Given information section start
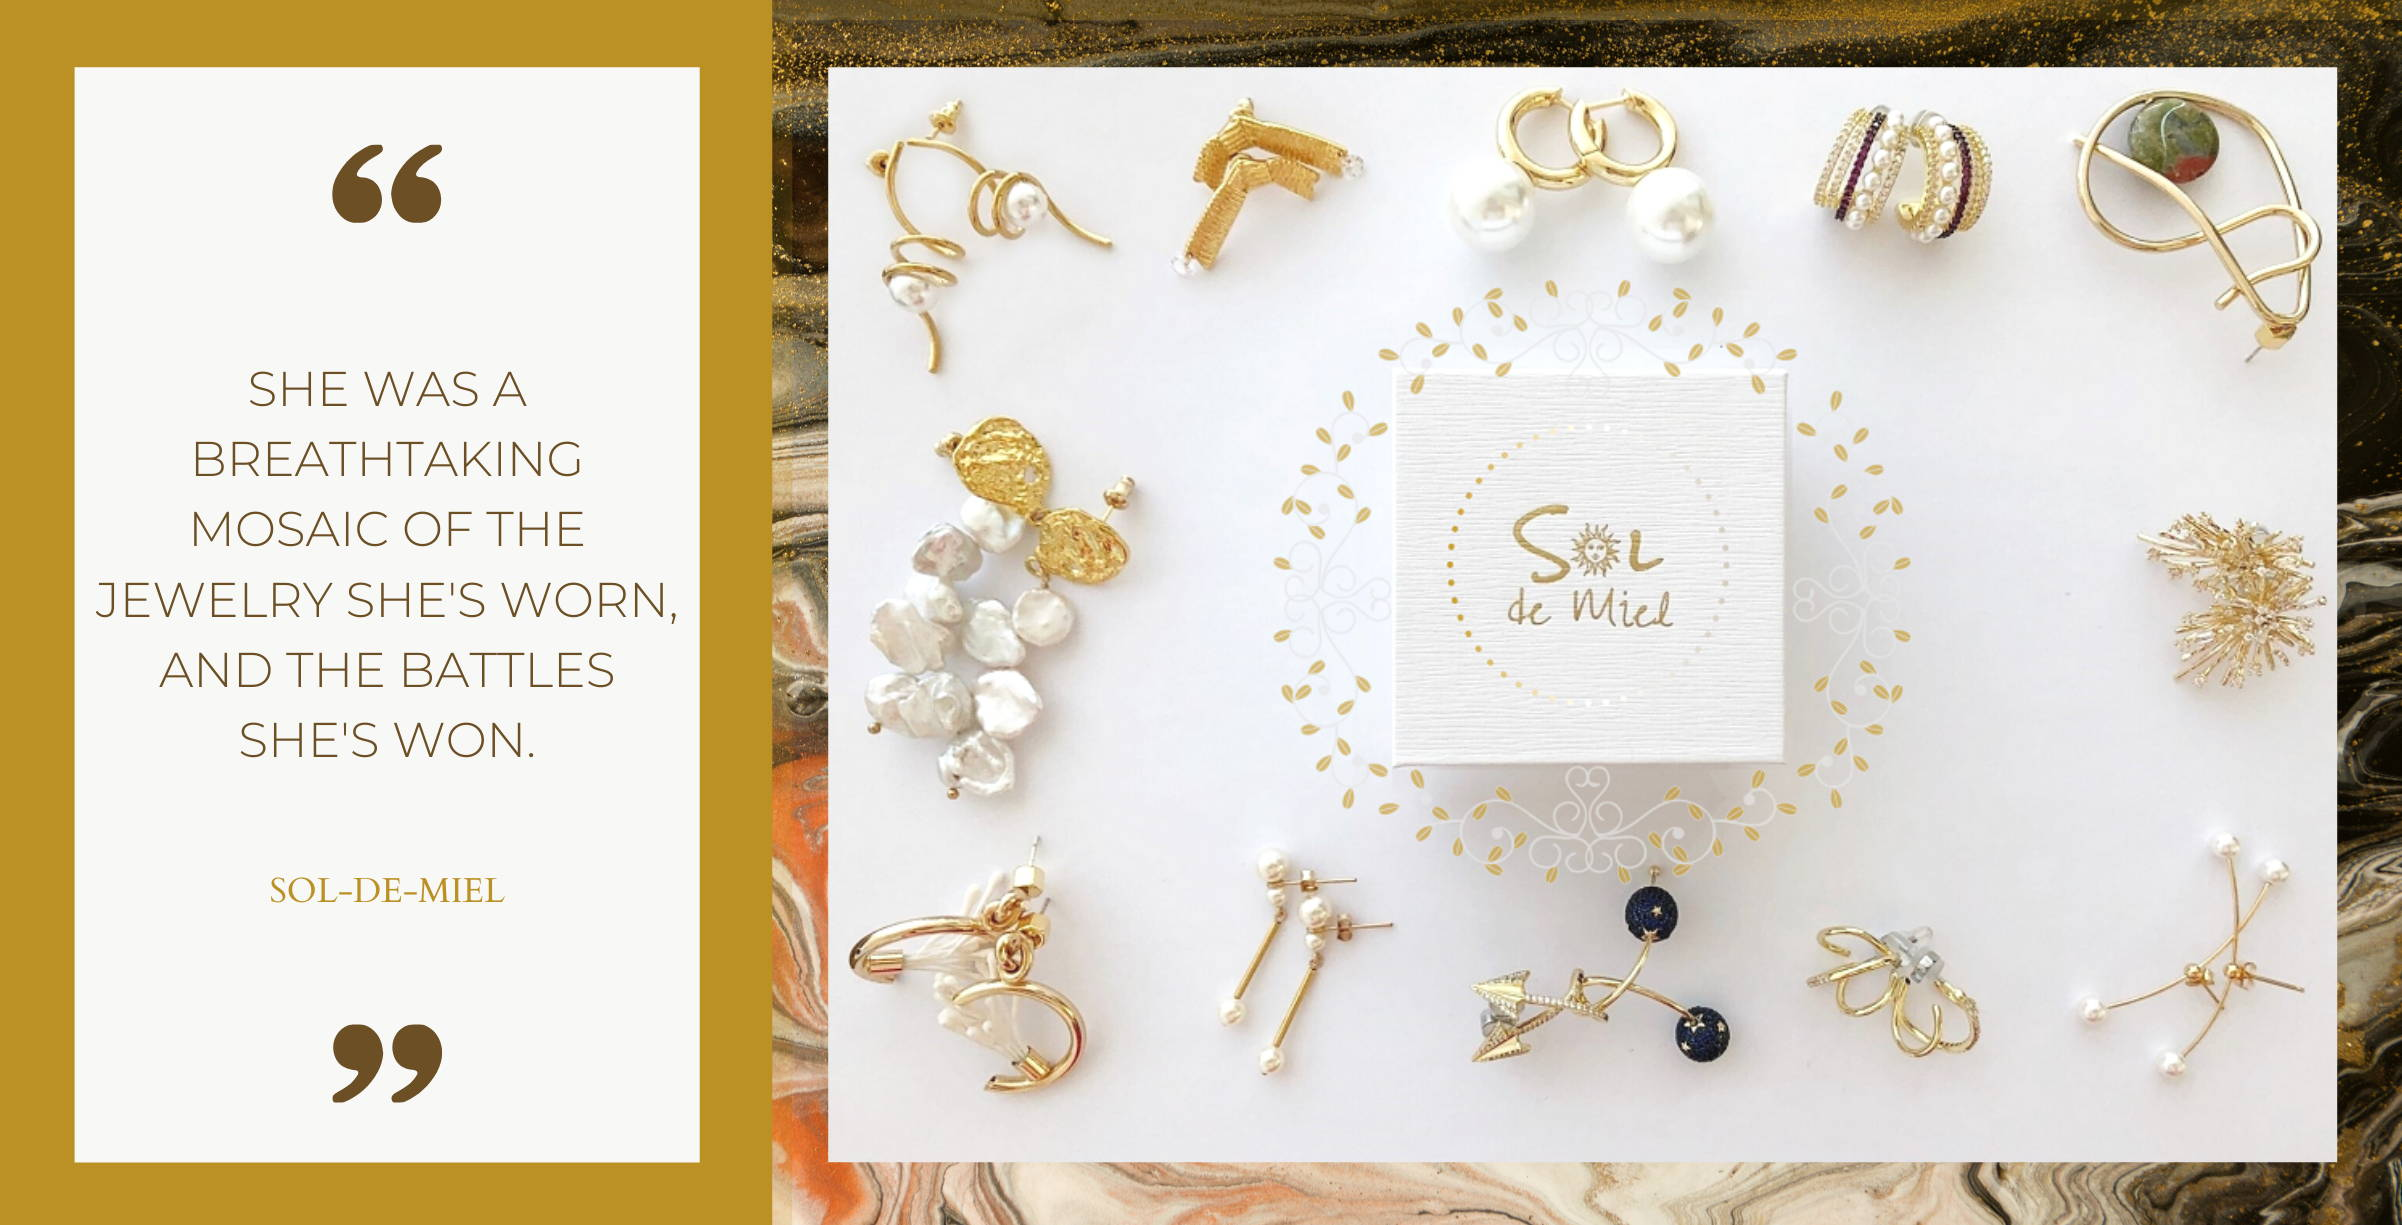 Sol-de-Miel Unique Artisan Jewelry Shop All Products
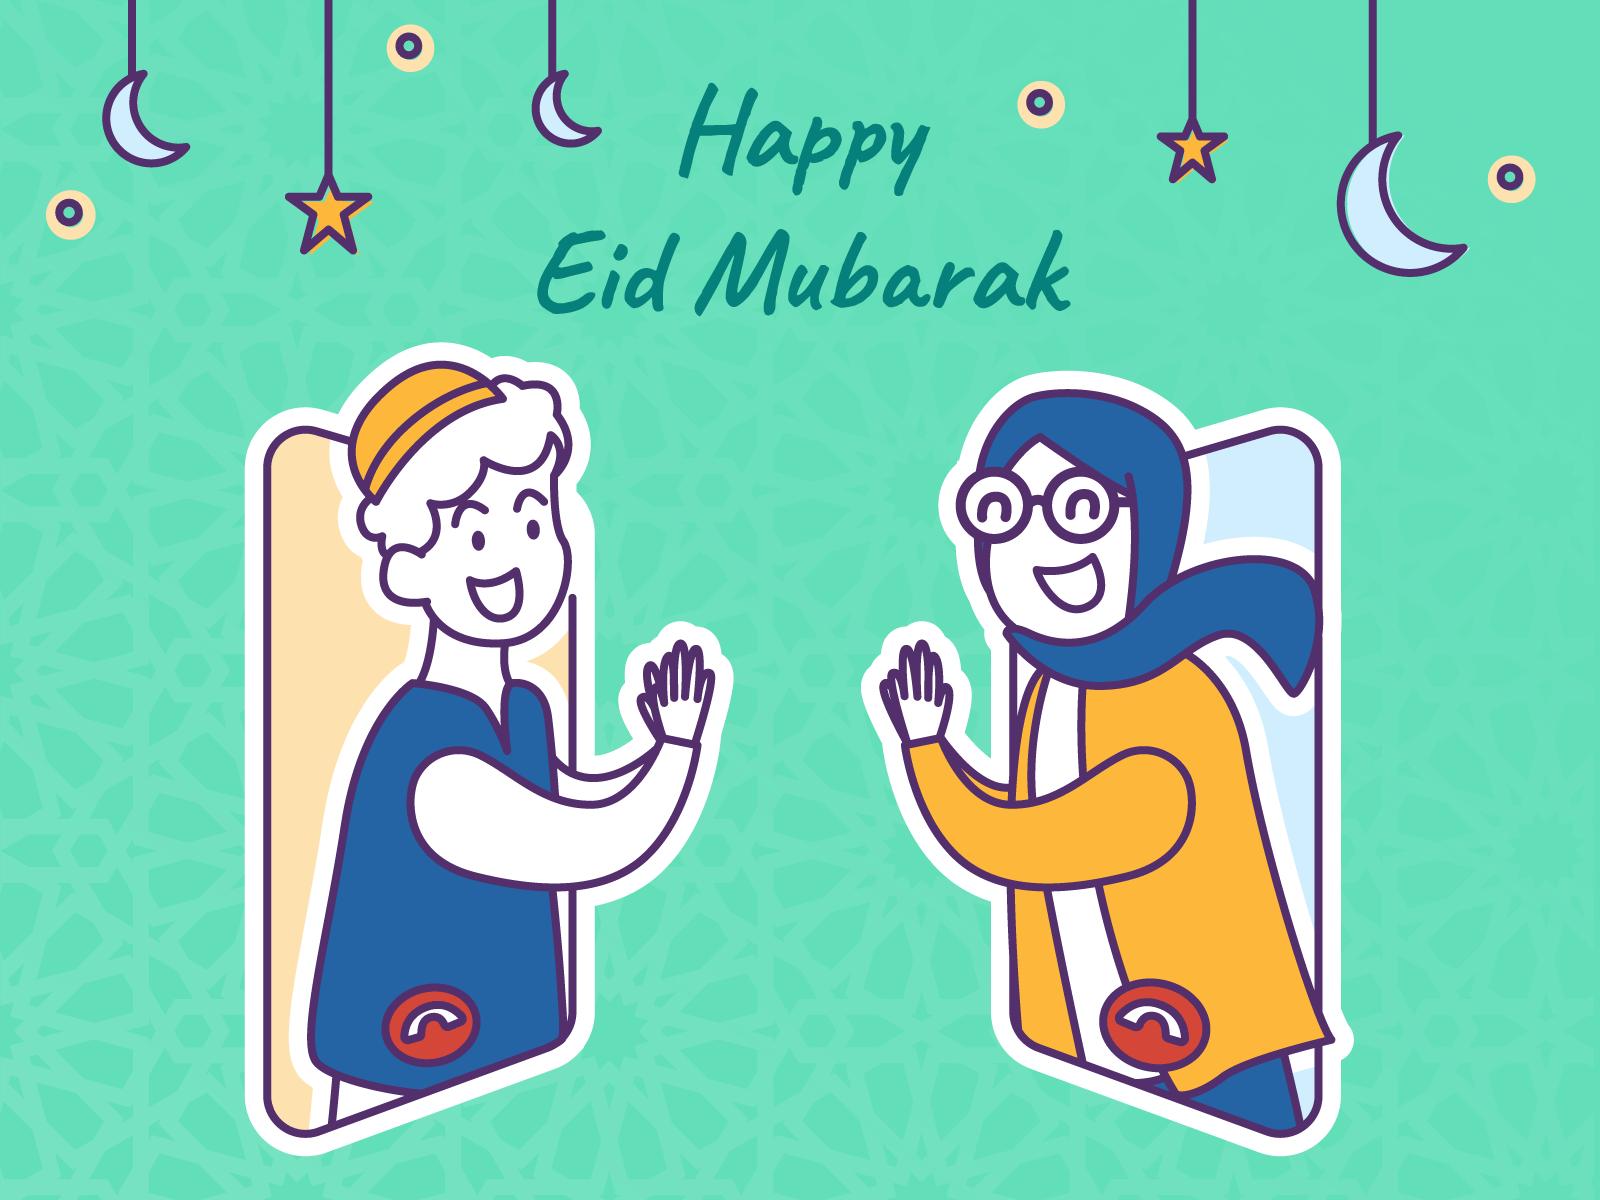 eid mubarak greeting cardfauzan aldi pradana on dribbble
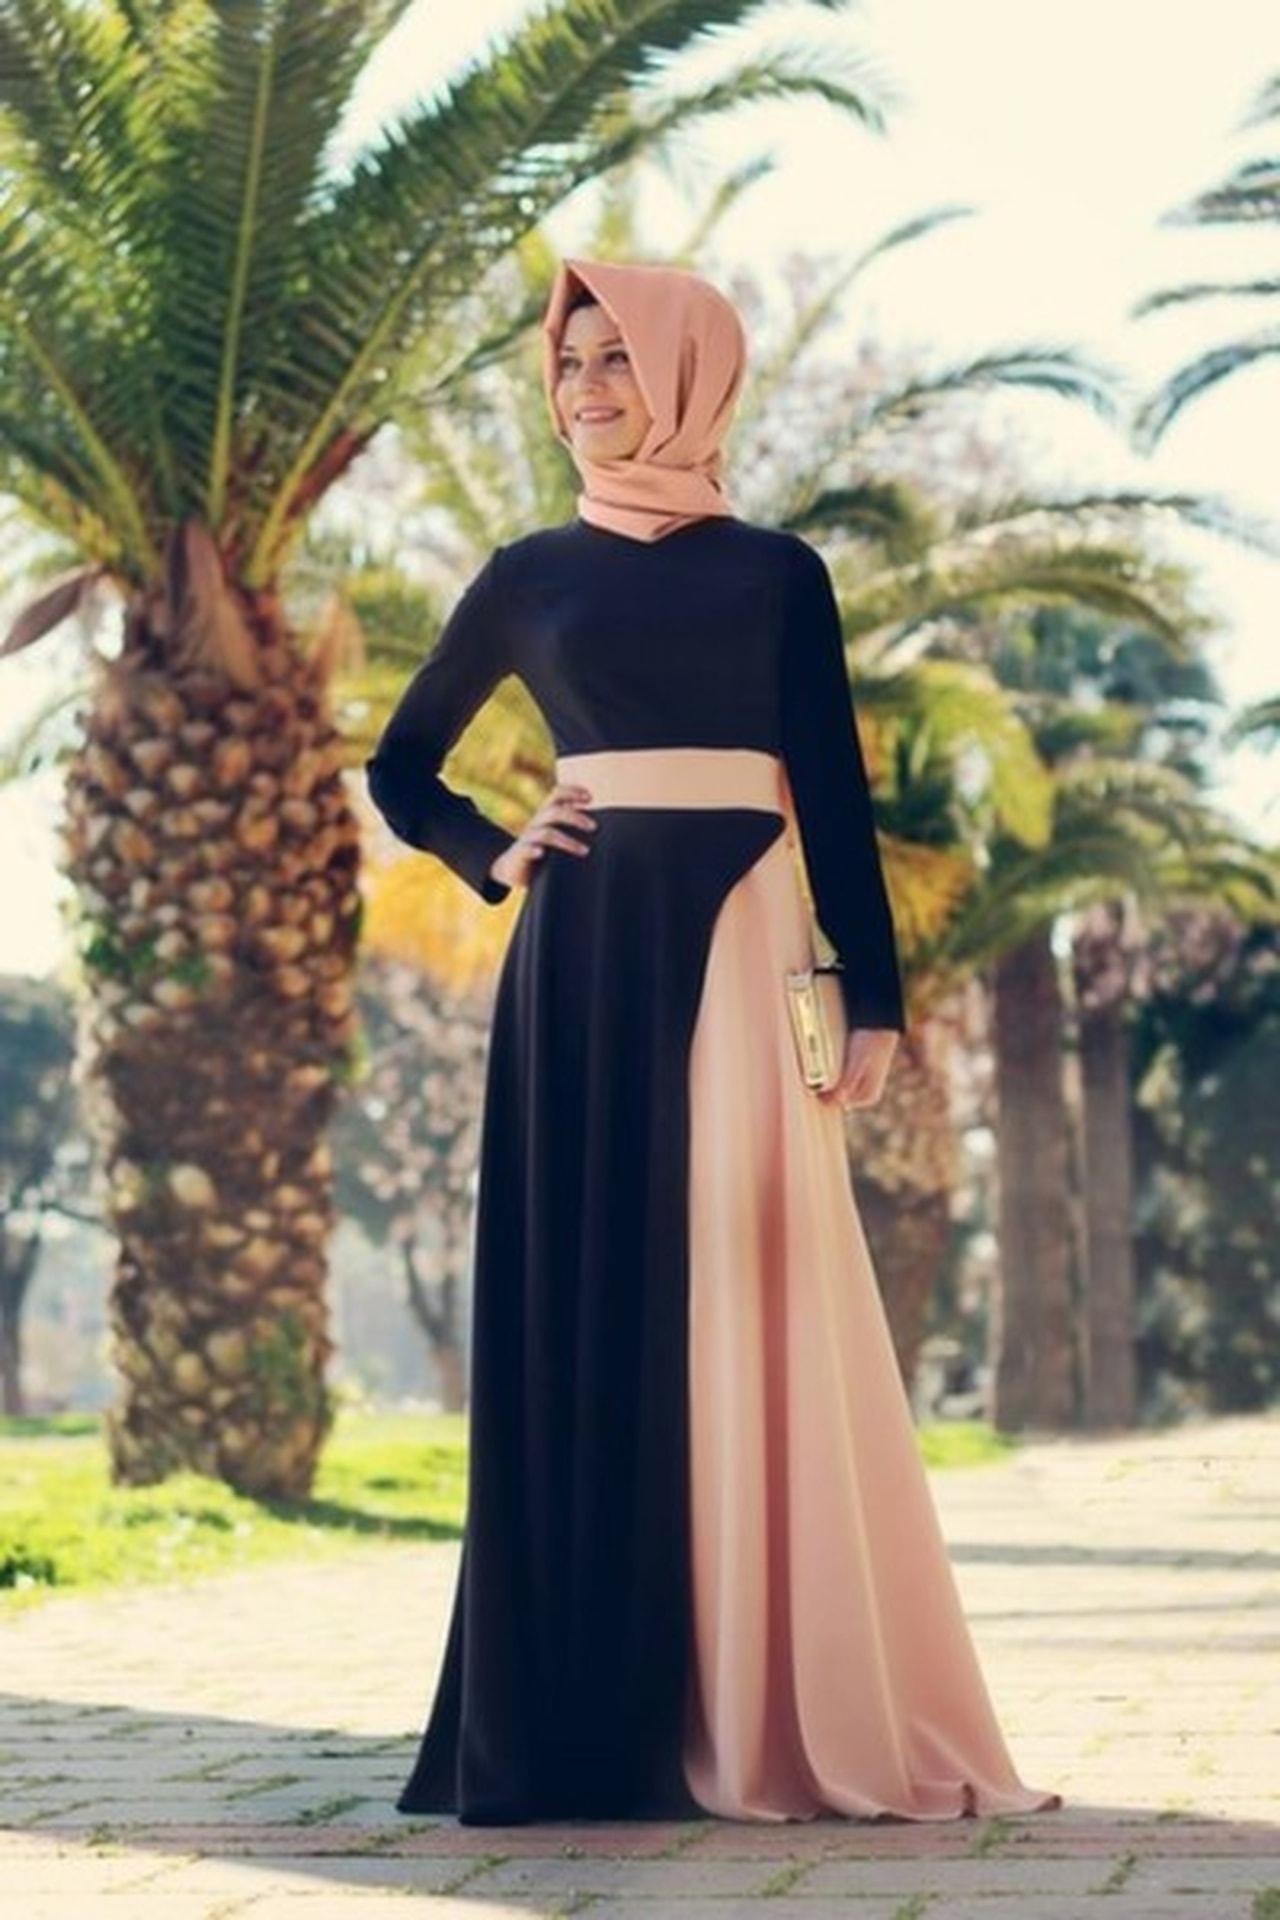 بالصور صور فساتين تركي , اجمل موديلات الفساتين التركي 1839 9
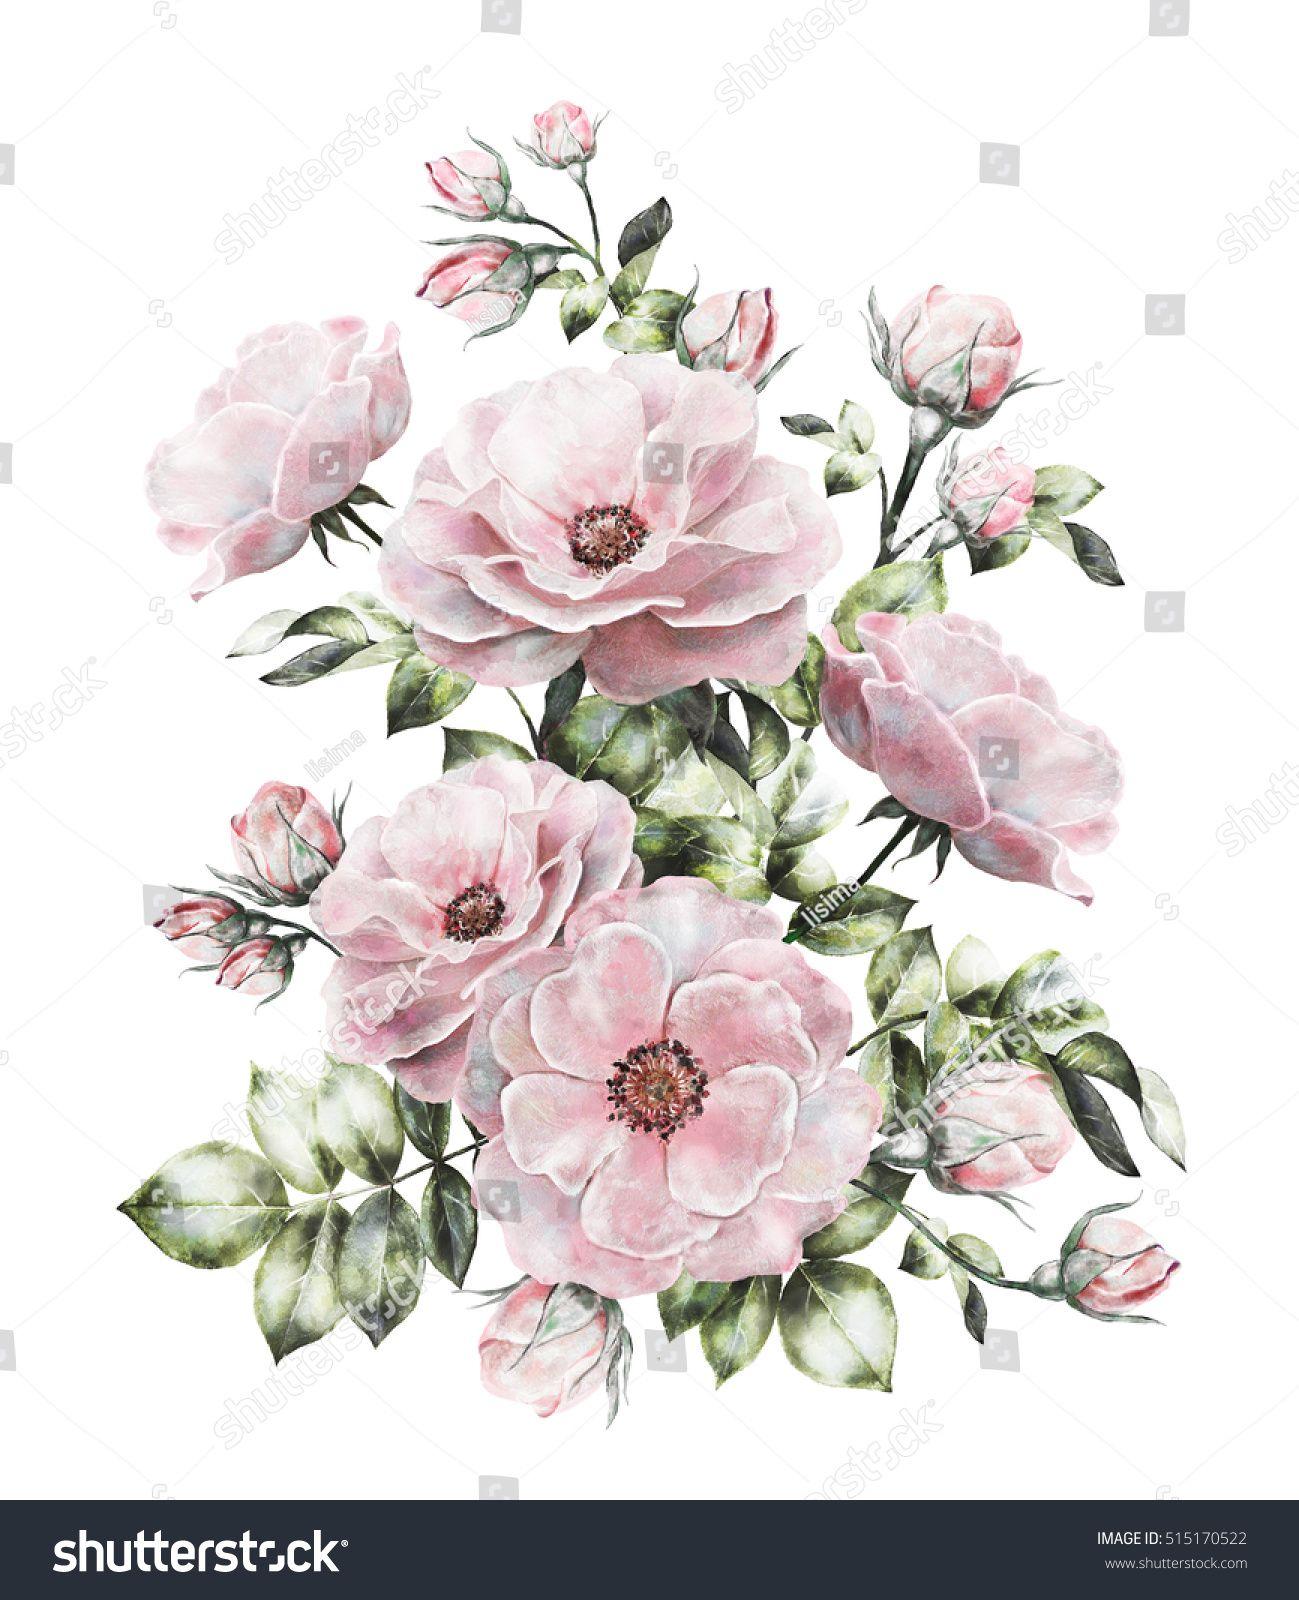 Vintage Watercolor Flowers Floral Illustration Flower In Pastel
Given information section end
> **Problem to solve**
The data above must be written out again word for word, without its pictures.

> **Response**
 Sol-de-Miel Unique Artisan Jewelry Shop All Products
 eid mubarak greeting cardfauzan aldi pradana on dribbble
 بالصور صور فساتين تركي , اجمل موديلات الفساتين التركي 1839 9
 Vintage Watercolor Flowers Floral Illustration Flower In Pastel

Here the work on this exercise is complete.